This optimization alone gave us:
- 3-5x faster bulk loads for large tables
- No risk of index corruption
- Automatic restoration of query performance

Handling Auto-Increment Columns

One subtle but critical issue we discovered: when doing bulk loads, we need to exclude SERIAL and IDENTITY columns from our insert data. The database generates these values automatically, and including them causes constraint violations.

Detection Logic

def is_serial_or_identity(engine, schema, table, column):
    # Check for IDENTITY columns
    identity_sql = """
        SELECT is_identity
        FROM information_schema.columns
        WHERE table_schema = :schema
          AND table_name = :table
          AND column_name = :column
    """

    with engine.connect() as conn:
        identity_res = conn.execute(sa_text(identity_sql), {
            "schema": schema, "table": table, "column": column
        }).fetchone()

        if identity_res and identity_res[0] == 'YES':
            return True

        # Check for SERIAL columns (with nextval)
        default_sql = """
            SELECT column_default
            FROM information_schema.columns
            WHERE table_schema = :schema
              AND table_name = :table
              AND column_name = :column
        """

        default_res = conn.execute(sa_text(default_sql), {
            "schema": schema, "table": table, "column": column
        }).fetchone()

        if default_res and default_res[0]:
            default_value = str(default_res[0]).lower()
            return any([
                "nextval" in default_value,
                "serial" in default_value,
                "_seq'" in default_value
            ])

        return False

Sequence Management

After a full load, we need to reset sequences to prevent duplicate key errors:

def update_sequences_after_full_load(engine, table_name):
    """Set sequence to MAX(column) + 1 after bulk load."""
    sql = f"""
        SELECT column_name, column_default
        FROM information_schema.columns
        WHERE table_name = '{table_name}'
          AND column_default LIKE 'nextval%'
    """
    # Execute and update each sequence accordingly

The Bug Fix Marathon: 60+ Edge Cases

The commit history tells the story: from late July through September 2025, we made dozens of commits with the message "no more validation by json". Each one represented a bug fix or edge case discovered in production.

1. Invalid Date Handling

The Bug: BigQuery allowed dates like "9999-12-31" and malformed strings that PostgreSQL rejected.

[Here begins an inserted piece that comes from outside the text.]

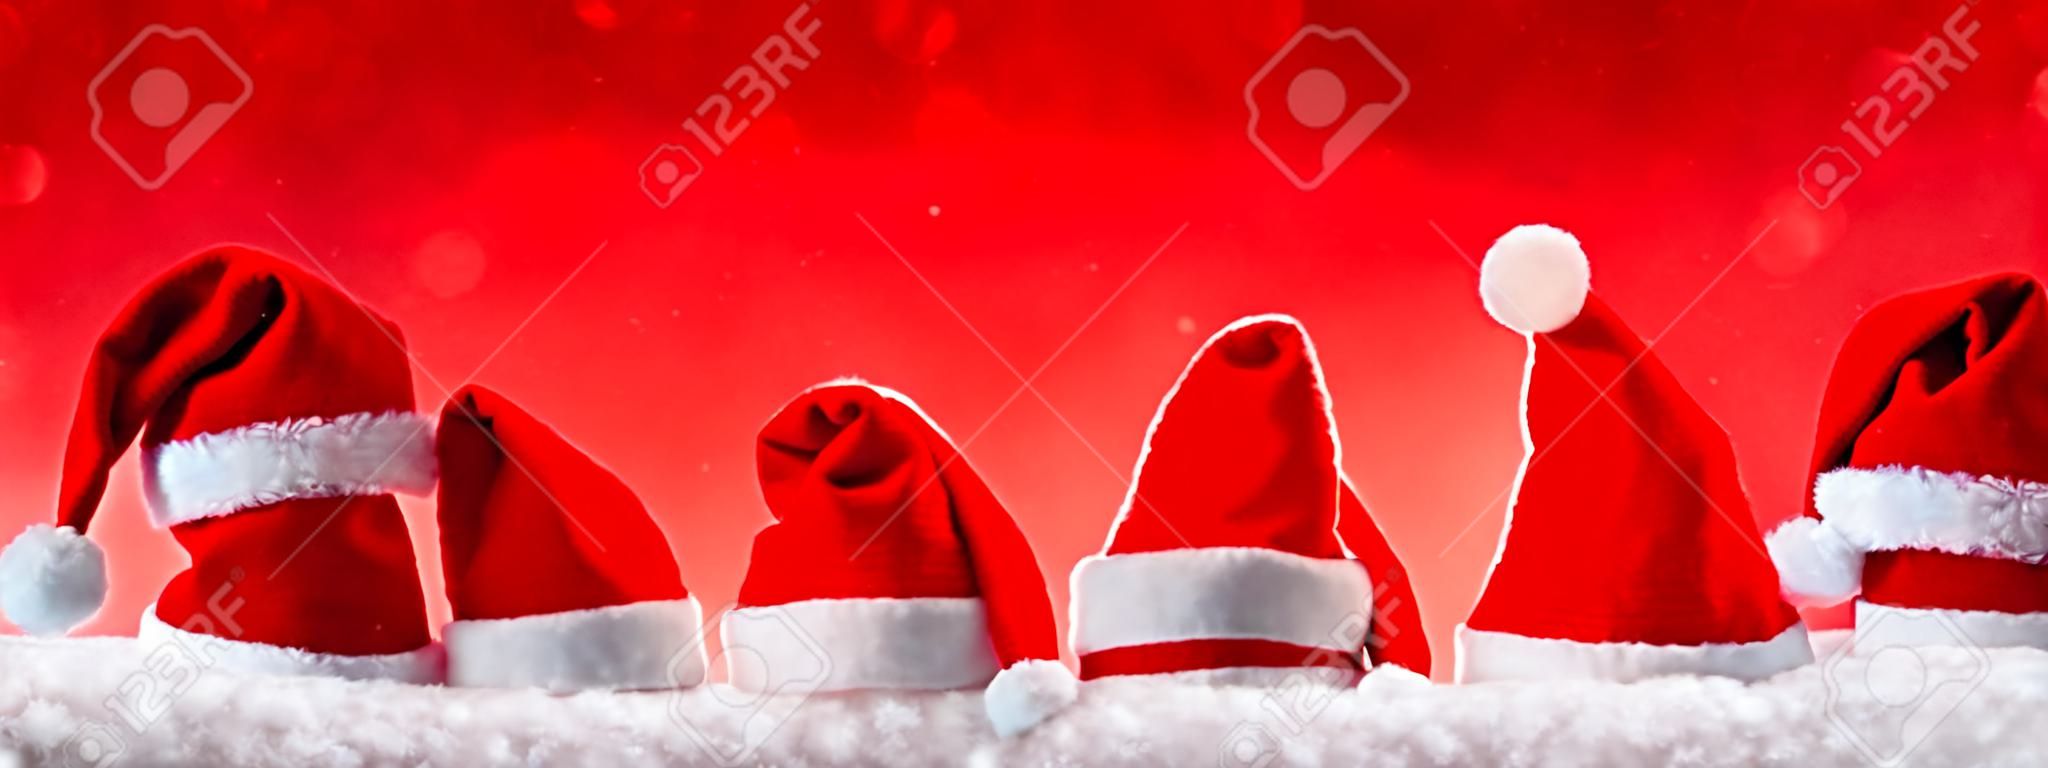 Sept rouge de Père Noël chapeaux isolés sur background.Christmas rouges sur fond rouge avec de Noël hats.Red chapeaux de Noël.

The Fix: Centralized date validation with explicit coercion:

def validate_date_columns(df: pd.DataFrame, date_columns: list):
    """Convert and validate date columns, converting invalid dates to NULL."""
    for col in date_columns:
        if col not in df.columns:
            continue

        # Convert with error coercion
        converted = pd.to_datetime(df[col], errors="coerce", utc=True)

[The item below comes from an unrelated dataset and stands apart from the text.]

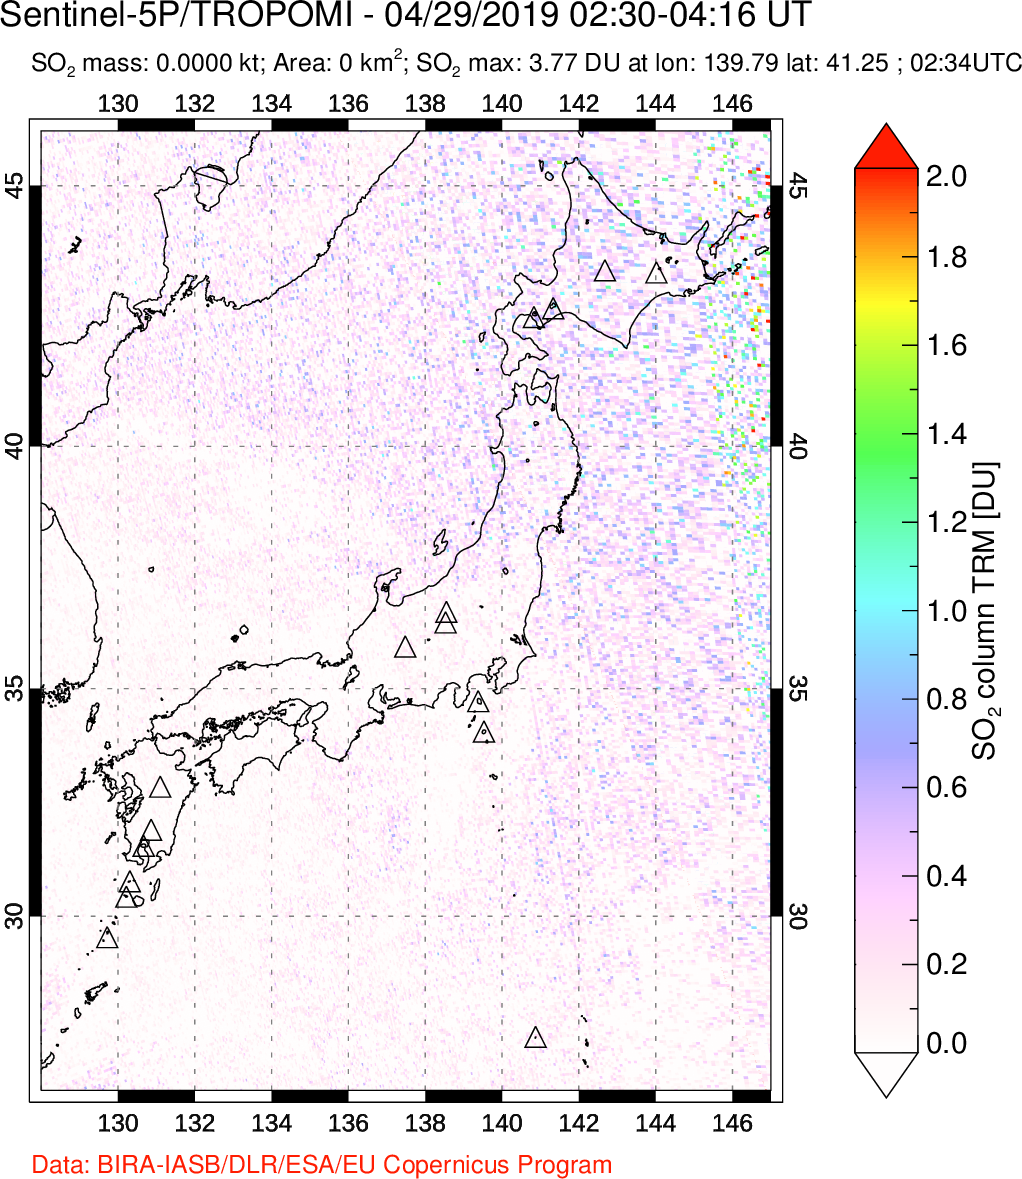 A sulfur dioxide image over Japan on Apr 29, 2019.

        # Find rows where conversion failed
        mask = converted.isnull() & df[col].notnull()

        if mask.any():
            invalid_count = mask.sum()
            logging.warning(
                f"Column '{col}': {invalid_count} invalid dates converted to NULL"
            )

        # Replace with valid dates or None
        df[col] = converted.where(converted.notnull(), None)

    return df

This function is called in both bulk load and incremental upsert paths, ensuring consistent behavior.

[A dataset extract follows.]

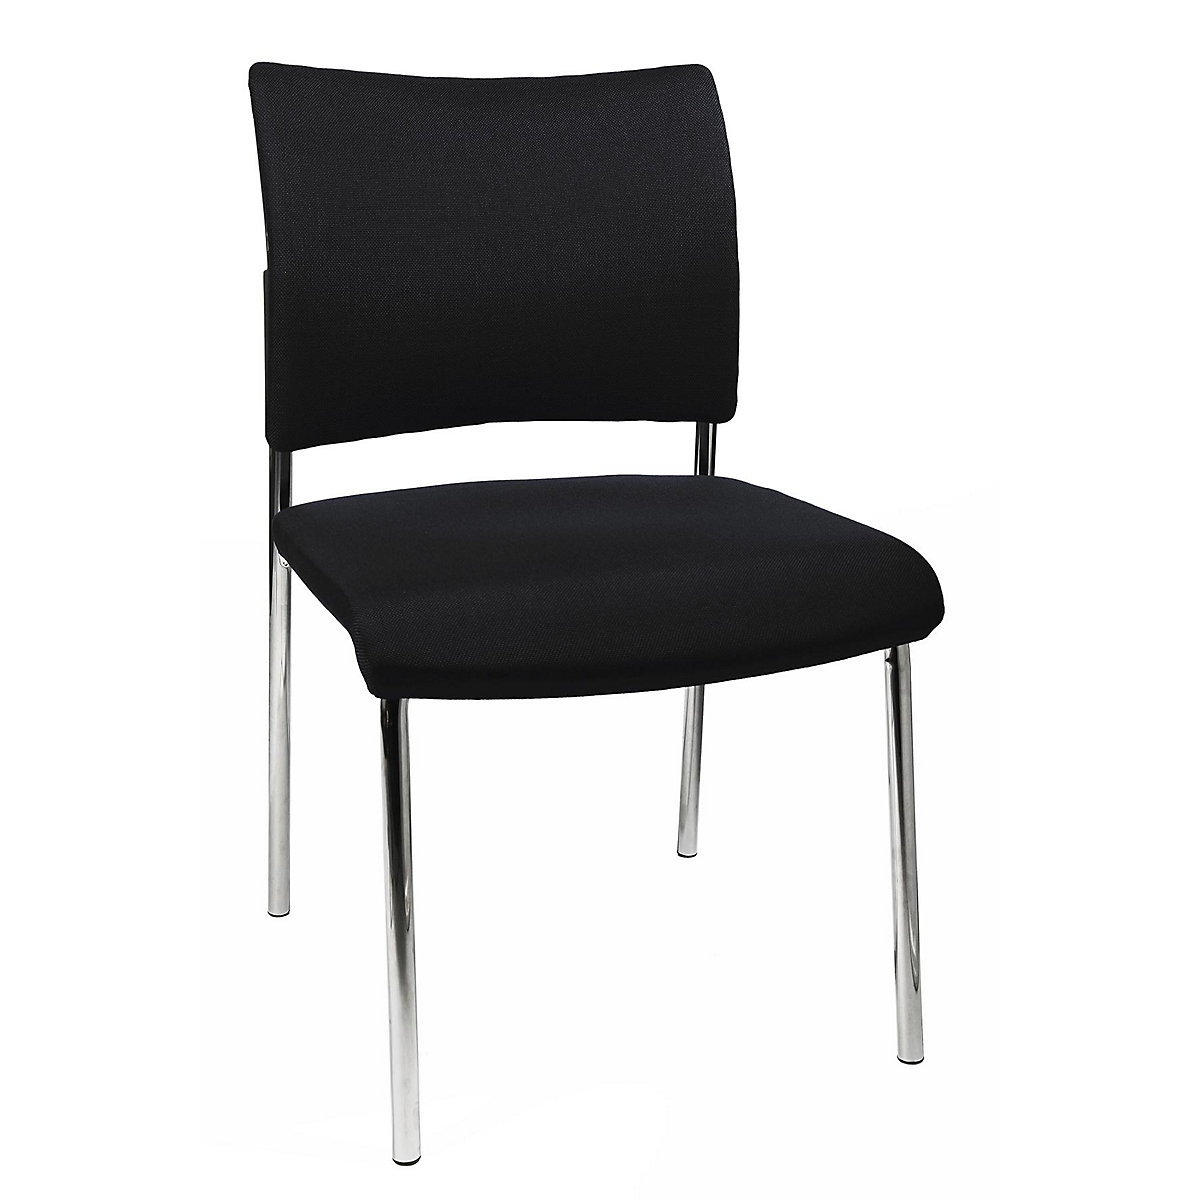 Bezoekersstoel, stapelbaar – Topstar, met 4 poten, rugleuning met textielbekleding, VE = 2 stuks, zwart-7

2. NULL/NaN/NaT Representation Hell

The Bug: Mixed representations of null values (None, np.nan, pd.NaT, string "NaN") broke CSV generation for PostgreSQL COPY.

The Fix: A "brutal" cleaning function that normalizes all null representations:

def brutal_clean(val):
    """Normalize all null representations to Python None."""
    # Handle Python None and numpy nan
    if val is None or (isinstance(val, float) and np.isnan(val)):
        return None

    # Convert to string for checking
    sval = str(val)

    # Check for string representations of null
    if sval in ("None", "NaN", "nan", "NaT", ""):
        return None

    # Strip control characters
    sval = re.sub(r'[\r\n\t]', ' ', sval)  # Line breaks, tabs
    sval = re.sub(r'[\x00-\x1F\u0085\u00A0\u2028\u2029]', ' ', sval)
    sval = sval.replace('"', "'")  # Escape quotes for CSV

    cleaned = sval.strip()
    return cleaned if cleaned else None

For the upsert path, we use explicit pandas null checking:

for col in df.columns:
    val = row[col]
    if pd.isna(val) or val is None:
        record[col] = None
    else:
        record[col] = val

3. TSV Field Mismatch Validation

The Bug: When data had the wrong number of fields (embedded tabs, missing columns), PostgreSQL's COPY command would fail with cryptic error messages.

The Fix: Pre-validate the TSV structure before attempting COPY:

# Generate TSV
csv_buffer = StringIO()
df_to_load.to_csv(
    csv_buffer,
    sep='\t',
    header=False,
    index=False,
    na_rep='\\N'
)

# Validate structure
csv_lines = csv_buffer.getvalue().splitlines()
expected_field_count = len(expected_columns)

for line_num, line in enumerate(csv_lines, 1):
    field_count = len(line.split('\t'))
    if field_count != expected_field_count:
        raise ValueError(
            f"TSV validation failed at line {line_num}: "
            f"expected {expected_field_count} fields, got {field_count}"
        )

Now when there's a problem, we get a clear error message pointing to the exact line, instead of a generic PostgreSQL error.

4. String Length Truncation

The Bug: Source data sometimes contained strings longer than the target column's VARCHAR(n) limit, causing insert failures.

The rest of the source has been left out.